Adiós a Berlín se publicó en 1939, cuando la ilusión de la paz ya se había disipado. La excelente adaptación cinematográfica de Bob Fosse (Cabaret, 1972) le proporcionó una segunda vida a una obra que ya disfrutaba del reconocimiento reservado a los clásicos. La escena de la cervecería al aire libre, cuando un miembro de las Juventudes Hitlerianas lograba enardecer a todos los feligreses, anunciando con una hermosa canción que el mañana pertenecía a la Nueva Alemania, se ha convertido en un símbolo de la seducción totalitaria.

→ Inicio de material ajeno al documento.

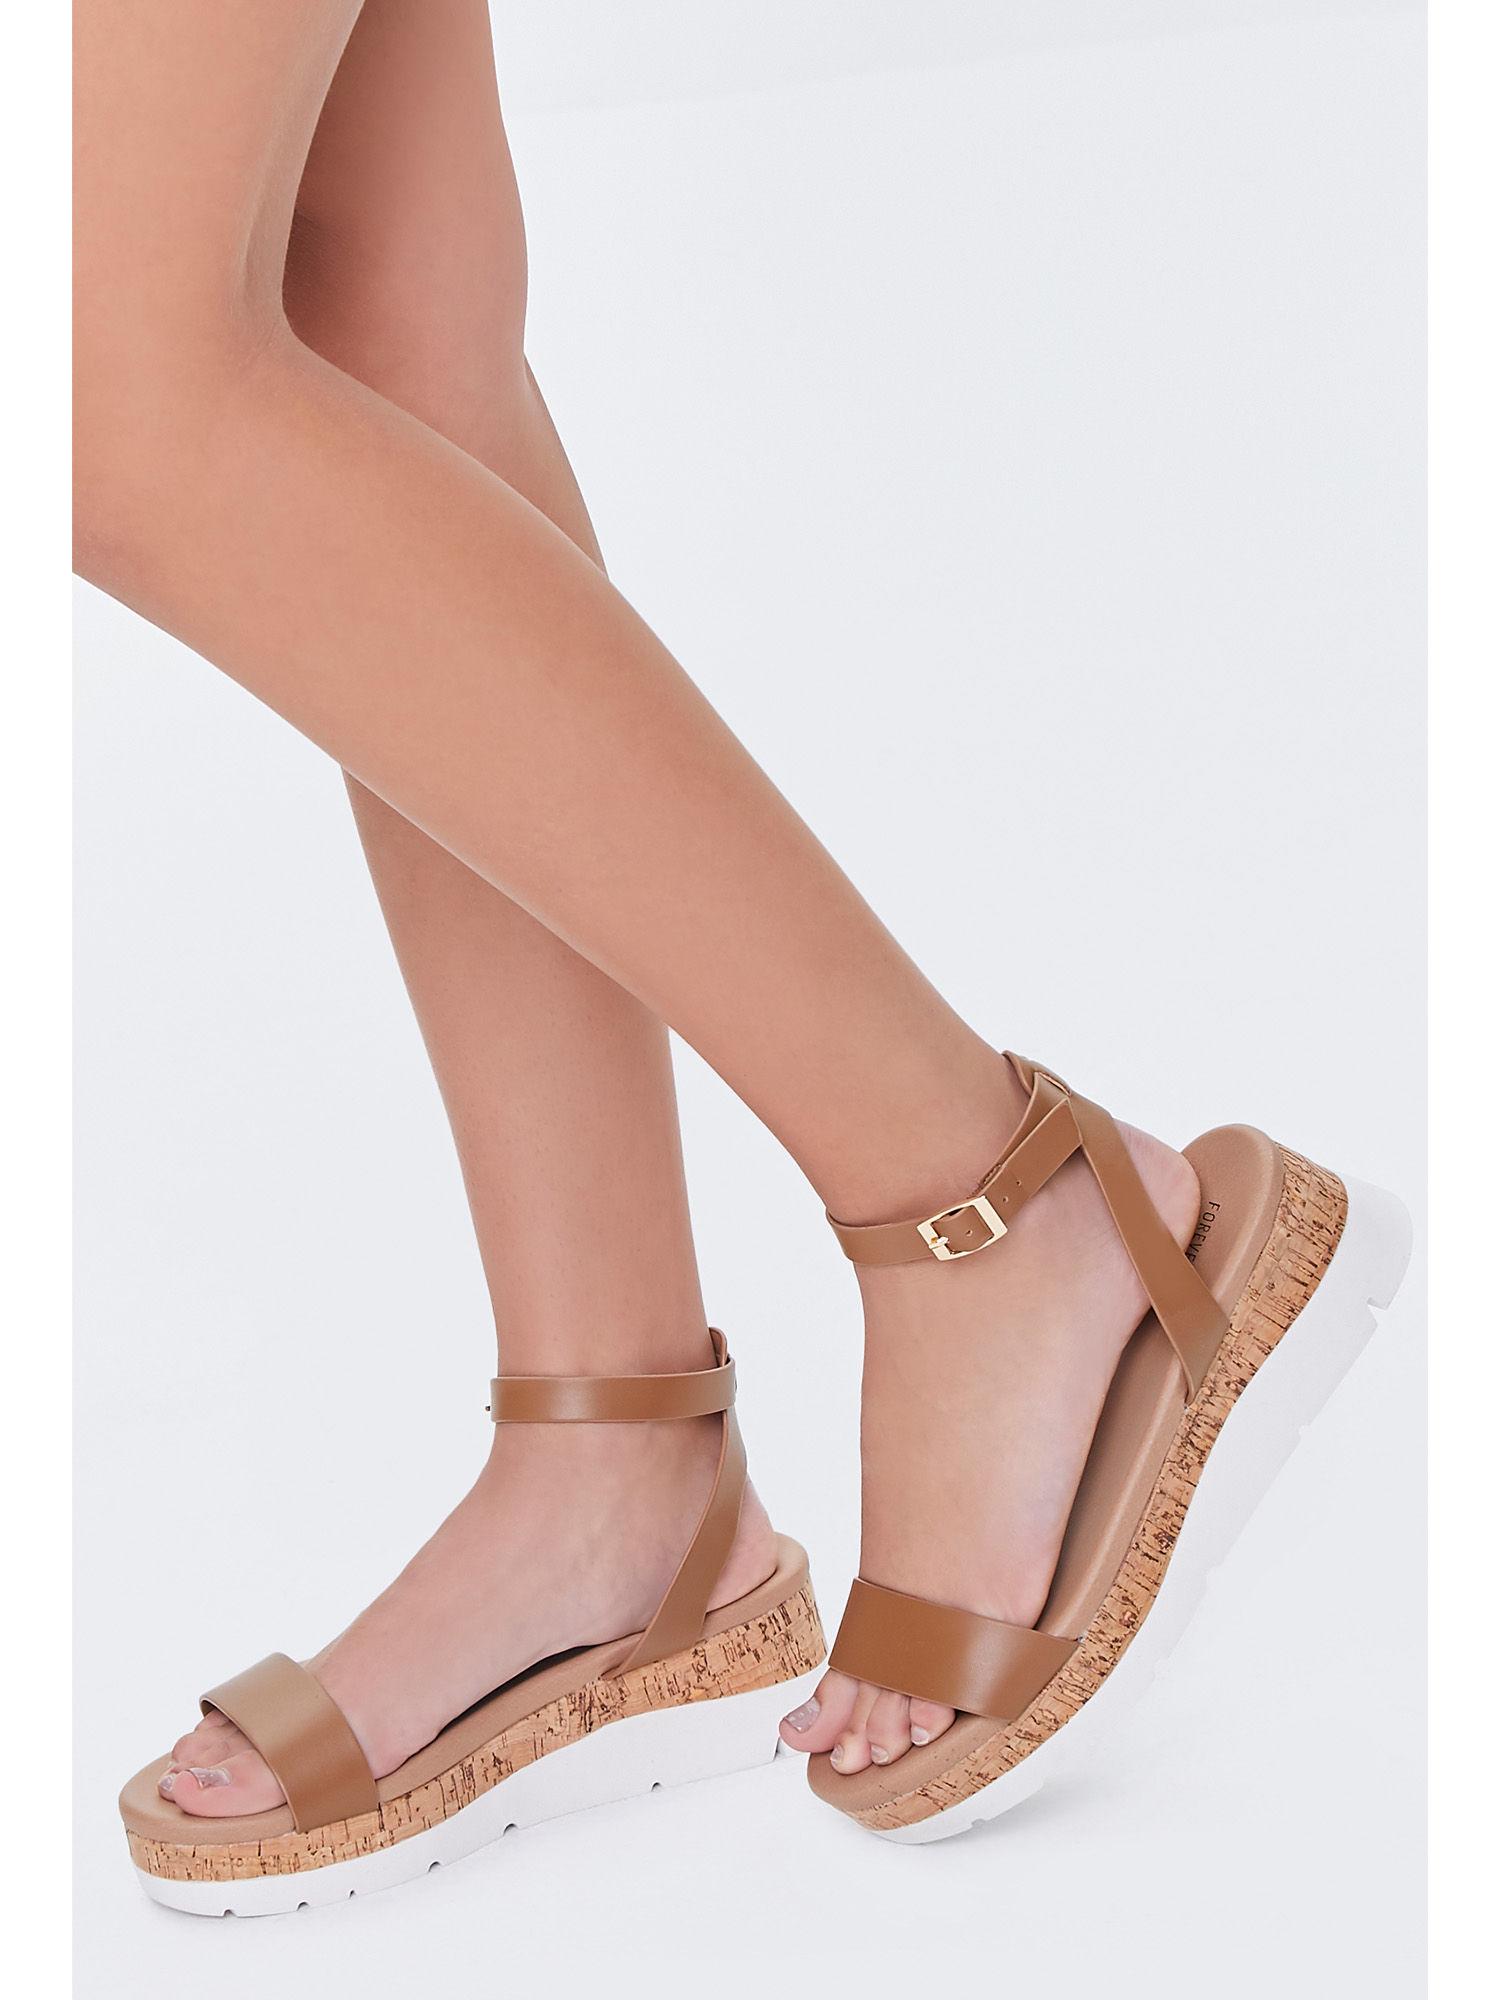 brown-sandal

Los totalitarismos movilizan las emociones primarias, con banderas y consignas que apelan al corazón y no a la razón, pero su poder de fascinación suele producir una cosecha de infortunio, diezmando a generaciones enteras. ¿Por qué es un clásico Adiós a Berlín? ¿Puede aplicarse la famosa definición de Borges, según el cual llamamos clásicos a los libros que nos producen «un previo fervor» y «una misteriosa lealtad»? Admiro a Borges, pero esas categorías pertenecen a la teología y no a la crítica literaria. La lealtad no existe en literatura y el fervor debe ser sometido al criterio de excelencia. No es descabellado afirmar que Adiós a Berlín es un clásico por su prosa limpia y su equilibrio interno, dos virtudes que le permiten urdir personajes humanísimos y reproducir la atmósfera de una ciudad que sirvió de taller y de referencia a las vanguardias históricas. Pensar que doce años de nazismo fueron suficientes para reducir a ruinas este espacio de libertad e ingenio produce desolación, pero la intención de Isherwood no es incitar a la desesperanza. En las últimas páginas, Hitler ya ha realizado su sueño de conquistar el Estado. La tortura y la ignominia reinan en Alemania, pero la tibieza del sol en el rostro invita a sonreír y a celebrar la vida. Quizás una de las virtudes de los clásicos es que, sin negar la existencia de lo trágico e injusto, nos ayudan a conservar la esperanza y el deseo de vivir, aunque sólo sea para leer una página más. Me temo que mi razonamiento es pura teología. Tal vez Borges tenía razón y la literatura es una cuestión de fe. No creo que a Isherwood, con su profunda y peculiar espiritualidad, le hubiera molestado esta observación.

Rafael Narbona es escritor y crítico literario. Es autor de Miedo de ser dos (Madrid, Minobitia, 2013).